## Quickstart
In this notebook, we are going to showcase how to build a post-hoc explainer agreement neural network. We will break up
this quickstart into the following sections:
- Load Data
- Create Model
- Create Explainers
- Create Disagreement Loss
- Train Model
- Save Model
- Evaluate Model

In [1]:
import torch
from torch.optim import SGD, Adam, AdamW

import pear

# Define constants
dataset = "californiahousing"
batch_size = 64
model_cfg = {"name": "mlp",
             "width": 100,
             "depth": 3}
optimizer = "adamw"
lr = 5e-3
weight_decay = 2e-4
explainers = ["vanilla_gradients", "integrated_gradients"]
disagreement_lambda = 0.25
disagreement_mu = 0.5
epochs = 3

### Load Data

In [2]:
# Get data
loader_train, loader_test, num_classes = pear.get_data(dataset,
                                                       batch_size,
                                                       data_path="../pear/datasets")
input_dim = loader_train.dataset.data.shape[1]
num_training_data = loader_train.dataset.data.shape[0]
num_testing_data = loader_test.dataset.data.shape[0]
print(f"{dataset} dataset with {num_training_data} training samples and {num_testing_data} testing samples"
      f" and {input_dim} features and "
      f"{torch.unique(torch.tensor(loader_train.dataset.targets), return_counts=True)} classes.")
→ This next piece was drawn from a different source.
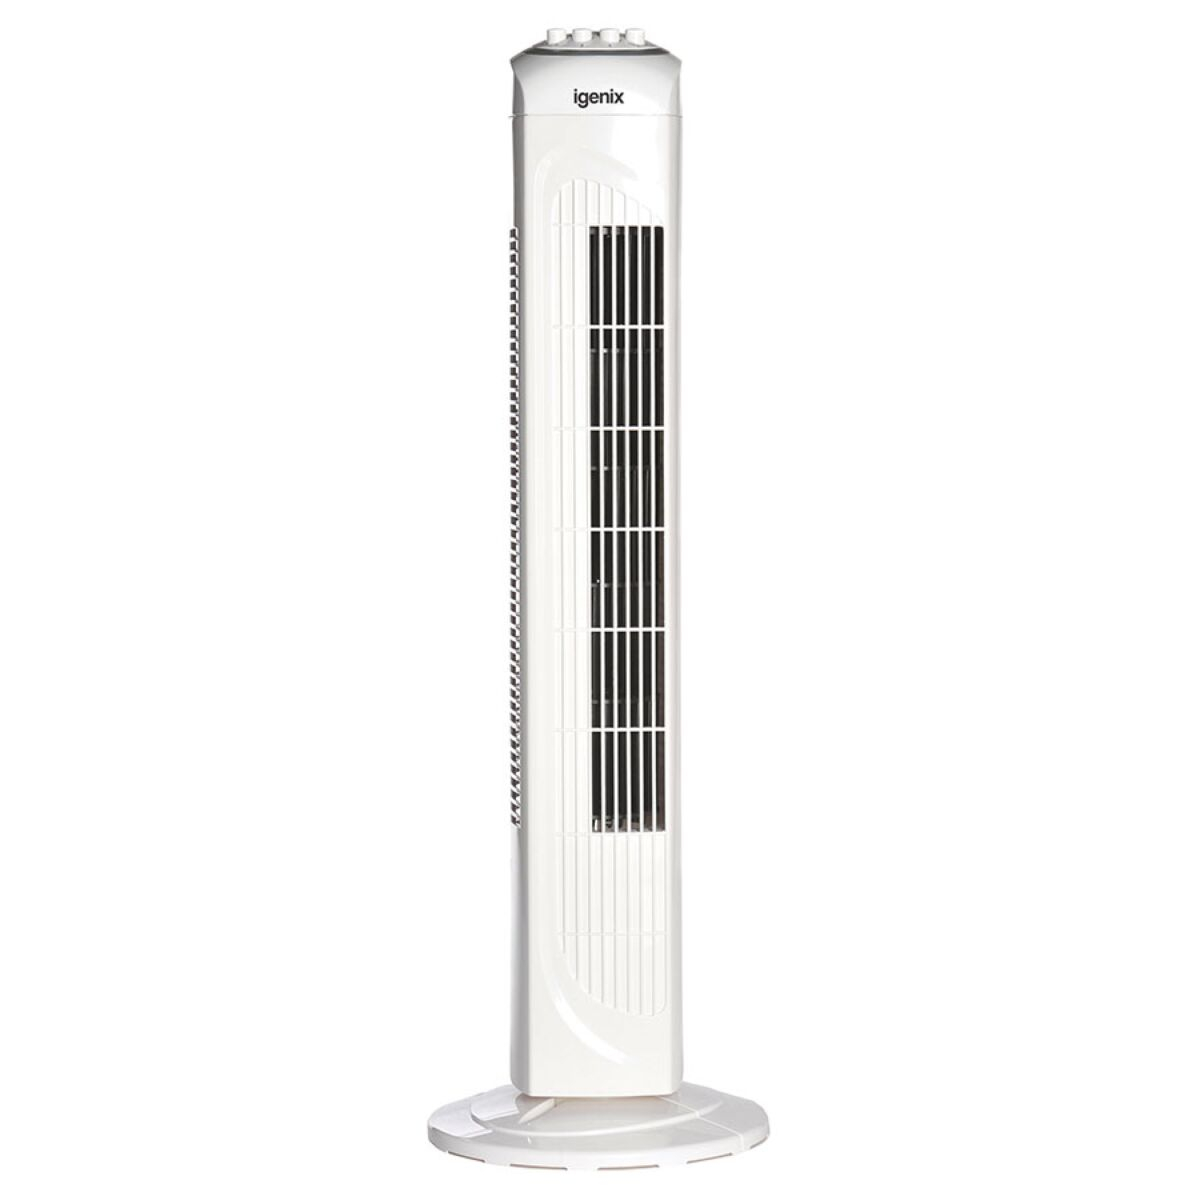 Igenix Df0030 30 Inch Tower Fan With 2hr Timer White for dimensions 1200 X 1200
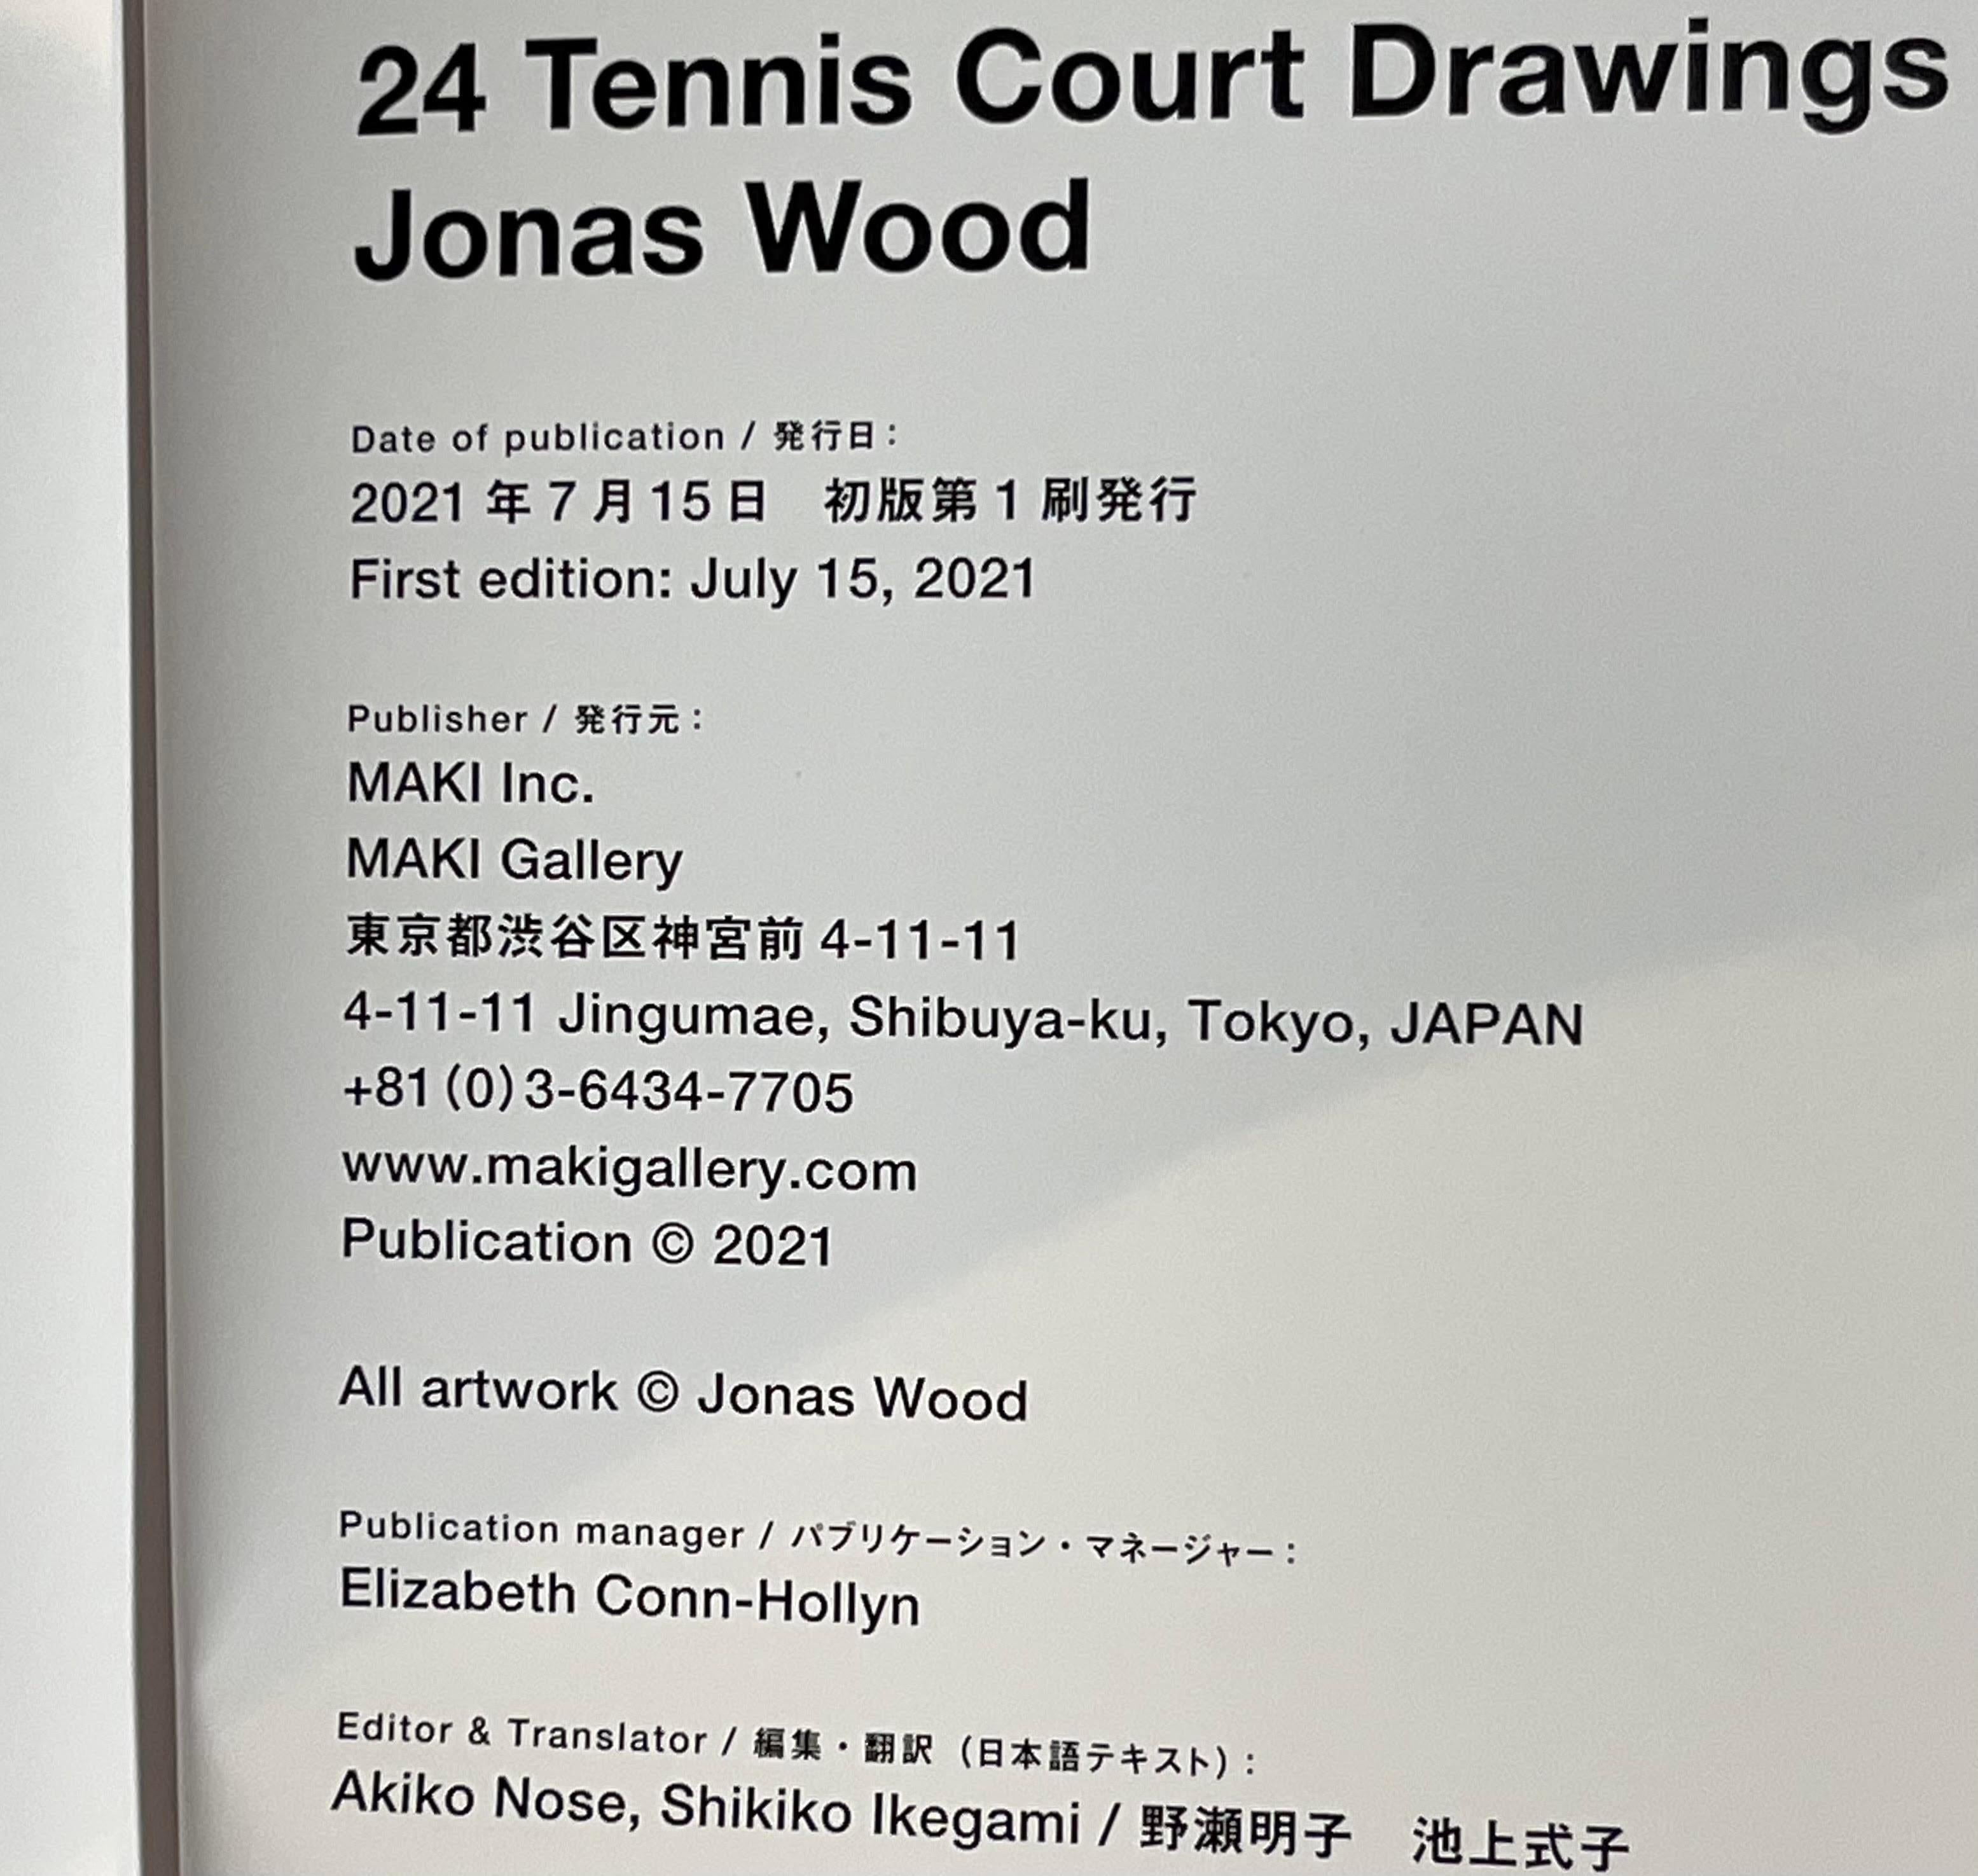 Jonas Wood 24 Tennis Court Drawings book (signed with 3 hand drawn tennis balls) For Sale 5

californiahousing dataset with 15475 training samples and 5159 testing samples and 8 features and (tensor([0, 1]), tensor([7686, 7789])) classes.


### Create Model

In [3]:
# Create a model
model = pear.get_model(model_cfg, input_dim, num_classes)
pytorch_total_params = sum(p.numel() for p in model.parameters())
print(f"This {model_cfg['name']} has {pytorch_total_params / 1e3:0.3f} thousand parameters.")

This mlp has 21.302 thousand parameters.


### Create Explainers (and optimizer)

In [4]:
# Get an optimizer
params = model.parameters()
if optimizer == "sgd":
    optim = SGD(params, lr=lr, weight_decay=weight_decay, momentum=0.9)
elif optimizer == "adam":
    optim = Adam(params, lr=lr, weight_decay=weight_decay)
elif optimizer == "adamw":
    optim = AdamW(params, lr=lr, weight_decay=weight_decay)

# Create two explainers for the loss
explainer_a = pear.get_explainer(explainers[0], model, torch.tensor(loader_train.dataset.data))
explainer_b = pear.get_explainer(explainers[1], model, torch.tensor(loader_train.dataset.data))

# Initialize LIME and SHAP for evaluation
lime = pear.get_explainer("lime", model, torch.tensor(loader_train.dataset.data))
shap = pear.get_explainer("shap", model, torch.tensor(loader_train.dataset.data))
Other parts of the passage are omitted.